Antep denince aklıma kırmızı ve yeşil gelir. Toprağı kıpkırmızıdır, toprağın üstündeki bitki yemyeşil. Bir de, Antep’in fıstığı meşhurdur. Milli savaşta: emperyalist saldırganlara karşı koyma gücü kadar. Antep’te uzan zaman kalmadım, çocukluğumdan beri defalarca gittim, gedim, geçtim. En kabadayısı, bir hafta kalmış olabilirim. Her geçiş, yahut kalışım yazın en sıcak, en kurak aylarına rastladı. Masmavi, kıpkırmızı, yemyeşil.

Hiç unutmam, Antebe ilk gidişim, bundan tam yirmi beş yıl önceydi. Çukurova’da Ceyhan’da oturuyorduk. Babamın aklına esmişti, Antebe yerleşecek, orada avukatlık yapacaktı.

Biri 927, öteki 932 model fort otomobillerine yüklenip, eski adıyla Keller üzerinden ver elini Antep. Yolların çok sapa ve eşkiyalarla dolu olduğu söylenmişti. Hattâ babamı fikrinden caydırmak için hayli uğraşmıştı dostları. Ama dinlememiş, yolu tutmuştu.

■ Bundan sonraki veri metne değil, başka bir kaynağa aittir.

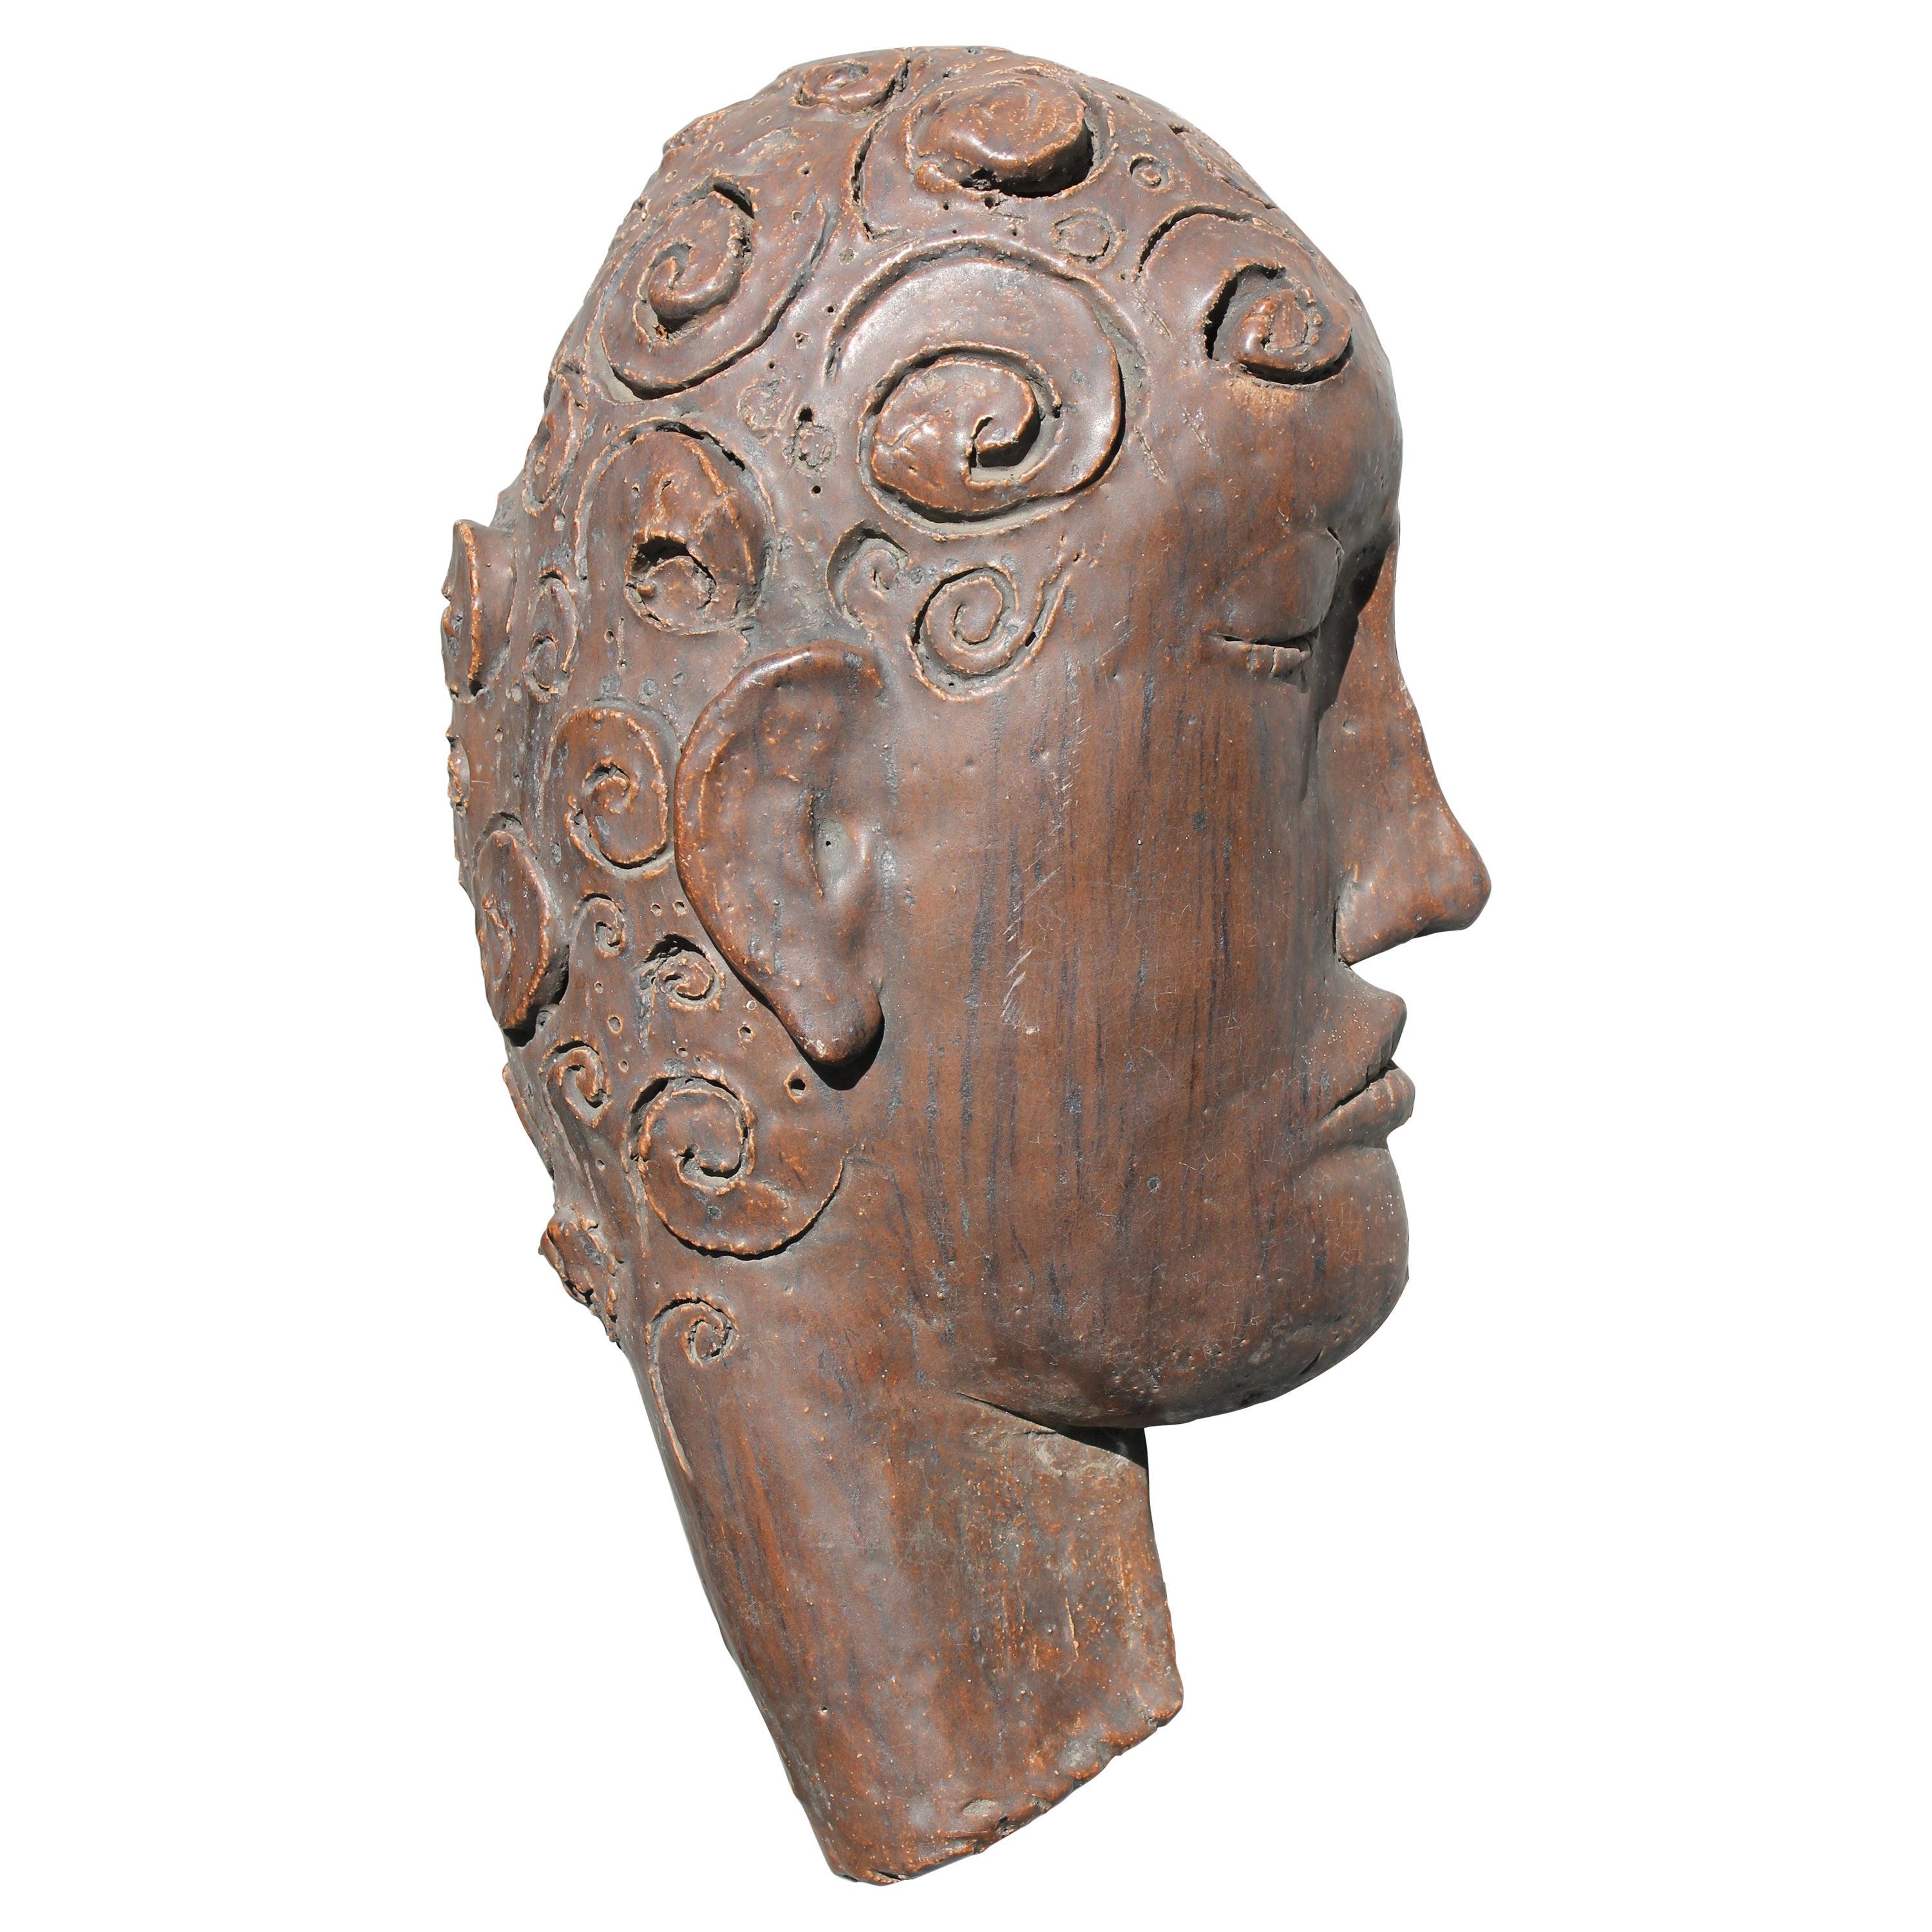 Sculpted Stoneware Face Sculpture by James Kouretas (1947-2016)

İki araba kızgın güneşin çiy aydınlığı altında, şerit gibi kıvrıla kıvrıla uzanan yollarda beyaz tozları kaldıra kaldıra gidiyor, babamın ağzını bıçaklar açmıyordu.

Hırslı adam, eşkiyalarla karşılaşıverince ne türlü hareket edeceğini düşünüyordu herhalde. Öyle ya, eşkiyalara laf anlatmak, Ölmekten çetin, arabalardaki kadınlara karşı takınacakları tavıra dayanmak, susmak, ölmekten beterdi.

Birden korkunç bir: (Duuur!) sesi, patlıyan bir mavzer.

Arabalar zınk dedi, durdu. Görünürlerde kimseler yok. Babam mosmor, elinde Brovning, tiril tiril titriyor. Beklemekten başka çare yok.

Az sonra göründüler: Palabıyıklı iki adam. Güneşin yaktığı yüzleri testekerek ve kuvvetli, sanki iç çamaşırlariyle yataktan kalkıp gelmişler: Uzun beyaz donları, beyaz iç gömlekleri…

Babam âdete gürledi

- Ne var? Ne istiyorsunuz?

Babamın bacağında topçu yedek subaylığından kalma zabit pantolonu, benim elinde babamın zabit şapkası. Herhalda bunlar tesir etti, koca bıyıklıların yüzlerinden korkuya dair bir şeyler geçti. Bakıştılar. Kısası:

- Yolcuyuz da kumandanım…

- Peki, ne istiyorsunuz?

- Bize de yer yok mu diyecektik…

Babam tekrar gürledi:

- Arabada kadın olduğunu görmüyor musunuz? Gözünüz kör mü?

Tek cevap vermeden, kenara çekildiler. Ellerinde koca koca mavzerler. Babam arabayı yürüttü. Yürüttü ama kurtulmuşmuyduk? Kaabilmiydi? Ya arkamızdan ateş ederlerse?

Hiç bir şey olmadı. Olmadı ama Antebe girinciye kadar soğuk soğuk terlediğimi, hâlâ unutmadım:

Antep denince aklıma kırmızıyla yeşil gelir demiştim. Yalnız bunlar değil. Antep denince aklıma kırmızı, yeşil, fıstık ve kahramanlıktan başka, belki de onlardan çok. Üzüm gelir. Ne zaman, nerede üzüm gördümse kafamda Antebin ince kabuklu, parmak büyüklüğündeki siyah üzümü canlandı. Neden bilmem, üzeri dumanlı siyah Antep İstanbula gelmez. Pekmez gibi tatlıdır. Bir salkımını yemek, yiyebilmek meseledir. Kesilirsiniz. Şire sizi tıkar. Bir salkım Antep üzümü, çeyrek somun, bir parça da peynir, yıllar yılı orta okul öğretmenlerimizin şaşmaz gıdası olmuştu.

Az kalsın unutuyordum. Antebin bir de Cartlak kebabı vardır. Buda yukarıda saydıklarım kadar ünlüdür. Erbabı bilir… Kebapdan açılmışken birde sarımsaklı kebabının lafını etmek gerek. Tabii rakı ve şarabını da unutmamak lazım.

Ama ne yalan söyleyeyim. Antep dendi mi, aklıma yalnız ve yalnız kıpkırmızıyla, yemyeşil geliyor. Ötekiler daha sonra.

Not: Derneğimizin Yayınlarından (Şahin) Gazetesinden alınmıştır.